Bathsheba ran through this information quietly, leaning against the front of her desk as she stared blankly at her friends' head. Frank Bryce, dead? But the old man had been harmless! Yes, he'd had a temper, and maybe he did shoot some muggles in the war. That didn't mean that he deserved to die!

"The funeral is next Thursday. Can you come?"

She blinked dark eyes at the old wizard, surprised by the question. "Funeral?"

"He didn't have any family left, except a niece who never knew him. I'm arranging everything. Will you come?"

She continued to stare at him, chewing on her lip. Forty years old, and the habit had yet to die. "I don't know..."

He pleaded for an hour. He begged the woman, really, the witch he'd cared for more often than her parents had while she grew up. He'd taken her to Diagon Alley when she was preparing for Hogwarts, eleven years old and still so innocent. He'd watched her wand choose her, over all the other students who came in that day! If anyone knew how stubborn she could be, it was him.

"I - I'll think about it, Newt," she finally agreed.

"That's all I can ask."

And the fire went dark.


"The thing won't implode if she puts in an appearance," Newton Scamander grumbled to no one, leaning heavily on an oak-wood cane. He wished he could pace, because he detested having to wait. "The nerve of that witch!"

"The nerve of who, Mister Scamander? Me?"

He felt as though he had perhaps cracked his neck from moving to look at her too quickly, but he was quick enough to watch her lower the hood of her cloak, the moonlight catching on her pale face.

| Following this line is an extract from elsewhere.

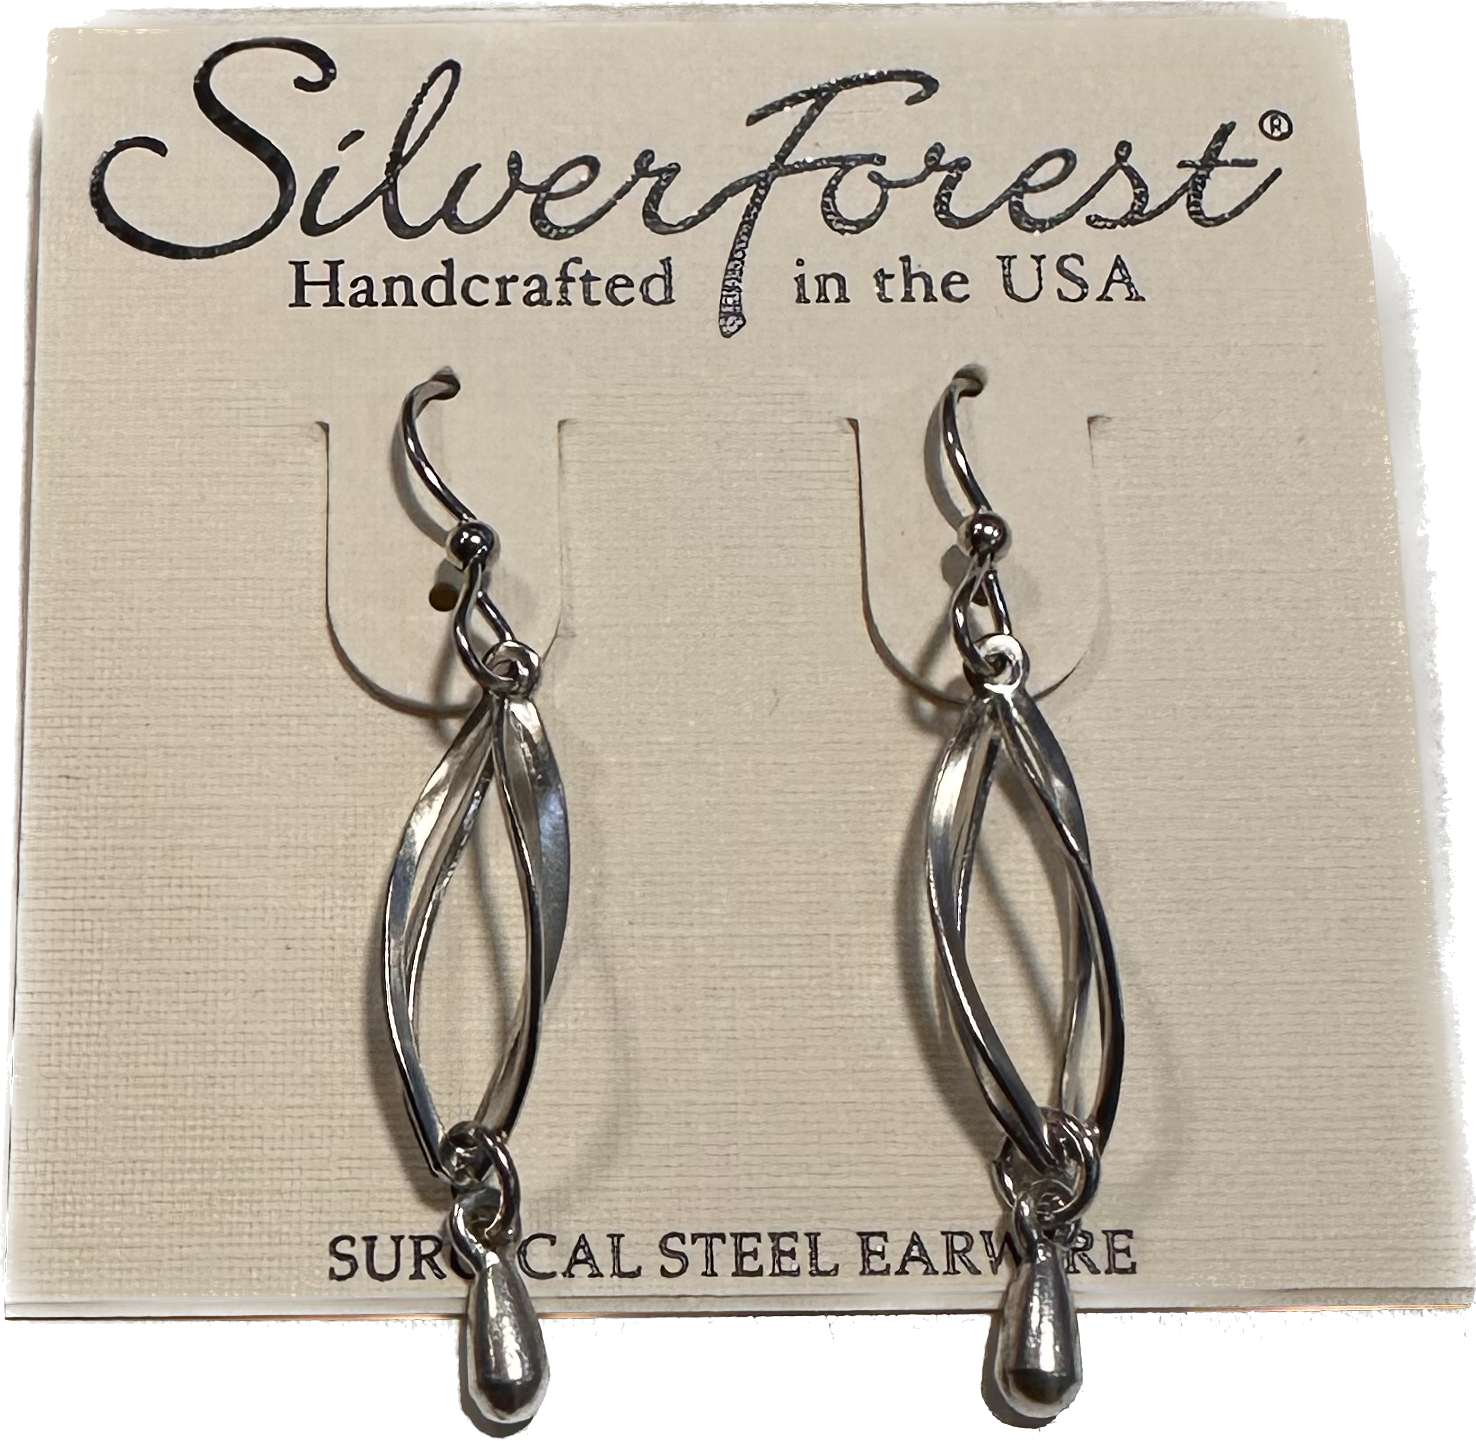 Silver Forest Earrings NE-1624

Her jaw was square, her dark eyes small and her nose perfectly straight, her black hair cropped beneath her ears and impossible to separate from the darkness around her. She looked unnaturally stretched in her night-dark robes, her head hovering somewhere above Newt as though disembodied.

"Ah, Bathsheba. You get taller each time I see you."

"Don't be daft, Newt," she murmured, and gave him a hug before facing the grave. "Magical ceremony?"

"I'm unfamiliar with the muggle alternative, so yes."

The witch didn't watch him as he spoke, though, her gaze instead roving over the dead muggle in his casket. "Poor Frank," she whispered at last, leaning down to kiss his cold, dead cheek. "He never deserved this."

"He was old, for a muggle. Seventy-seven years last month. I met him for tea to celebrate."

"I missed it," she said sadly, watching as her old friend waved his wand. The hand-crafted coffin floated into the hole, followed by the dirt. It was a morbid sight, a life covered up just like it had never existed.

"There, there, Batty. No need to fret. It was foolish to think we'd all be friends until our old age, regardless of the Dark Lord and his games."

"Some game. And I am not old!"

"Exactly my point, funnily enough. I was always going to die before you got old, child. Frank Bryce was always likely to go first, if only because he was a muggle. Though I never expected to step over his body in a sitting room arranged like a throne room."

"What?"

"Just an observation. Everyone has their moment to die, child. This must have been Frank's: to herald a warning to the rest of us. It's up to us to heed it - or to not."

"I'll tell Dumbledore when I go back. But first ... aurora borealis anniversarium quotannis." A green-blue light, not unlike the famously beautiful Northern Lights, erupted from the tip of the wand he'd watch choose her all those years ago. "Every year on this night, they'll play again, for as long as I live."

"And nothing imploded."

"What?"

Newt smiled as the witch hugged her, amused with his ability to confuse her. "Nothing, dear."

"You're insane, Newt. Completely mad."

"At least I'm having fun with the little time of peace we have left."